The ability to customize is important when it comes to something like a music collection. A librarian might get this question: "I play the guitar. My boyfriend plays the flute. What duets can we play together?" In the past, even though Virginia had cataloged the instruments used in all of its sheet music, a search of that information was impossible because the fields that were indexed were maintained by a vendor, Ms. Sadler said.

"The problem with a vendor solution is that it's hard for vendors to tailor that solution for different collections, for different user populations, for different specializations," she said.

With an open-source system, a library can set its own relevance rankings and adjust them based on what users want. By maintaining the system itself, Virginia is now able to search by musical instrument.

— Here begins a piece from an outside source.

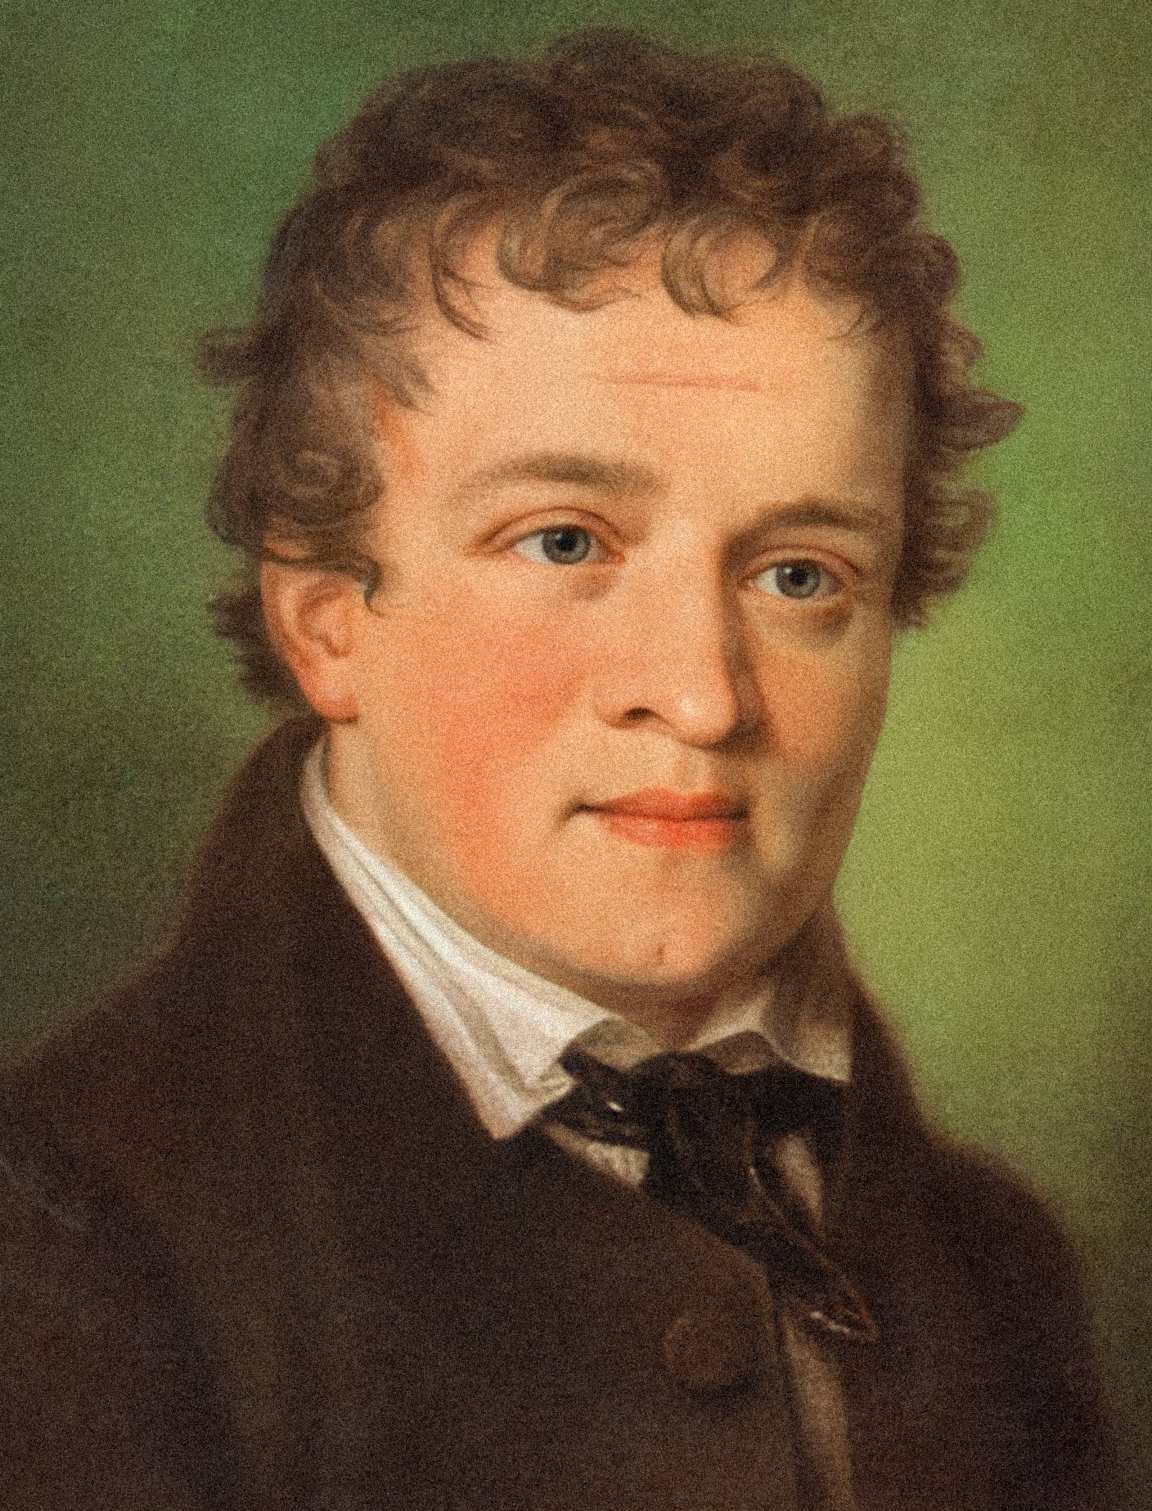 Kaspar Hauser: 1820 ගණන්වල නාඳුනන පිරිමි ළමයා අභිරහස් ලෙස ඝාතනය කරනු ලැබුවේ වසර 5 කට පසුව පමණි 2

The downside is libraries need someone on staff who can install and maintain the open-source program. So far, vendors aren't supporting products like VuFind the way they support established open-source products like Koha and Evergreen, both integrated library systems, said Mr. Breeding. Vendors will install software like Evergreen, host it on their own servers, and provide a help desk that you can call if something breaks. Not so for the newer software. Another barrier is going to be trusting that an open-source project is sustainable. There is always a concern that there will not be a community of users to keep developing it.

Also, the open-source systems have been slower to fold in article-level data, Mr. Breeding said. Most of that action is on the commercial side.

With Blacklight, you won't be able to get individual journal articles. If you're doing research on cell division, for example, a search will tell you that Virginia subscribes to the journal about cell division, but you'll have to go to a journal database for the article.

"That's going to be true for a very long time," Ms. Sadler said. "For the foreseeable future, you're going to need to go to separate interfaces in order to search licensed content."

But commercial vendors, smelling a new market, are stepping in. Serials Solutions, a subsidiary of ProQuest, released a software product in July called Summon. The company has been negotiating deals with publishers and content providers to create a searchable index of their content. It's like Google, except what Summon provides is an index of the "deep Web" of paid content. So now university libraries that pay for a subscription to Summon can let their users search their licensed content as well as locally owned stuff, together. Summon has 17 customers so far, including Arizona State University and Dartmouth College.

The catch? It can be expensive.

Andrew S. Nagy, senior discovery-services engineer at Serials Solutions, wouldn't say how expensive. But the cost of a subscription can run into the tens of thousands, said one university administrator who was not authorized to discuss price and thus wanted to remain anonymous. Summon also does not have permission to display the full text of articles.

At Virginia, the open-source Blacklight has paid off for Ms. Bauer.

"You know the feeling of when you go into the stacks, and you're usually looking for one book, but then it's almost always the book that's next to it that's the one you really need?" she asked. "It helps replicate a bit of that experience."

And if you search for Thomas Jefferson, it even starts you off with a book about him.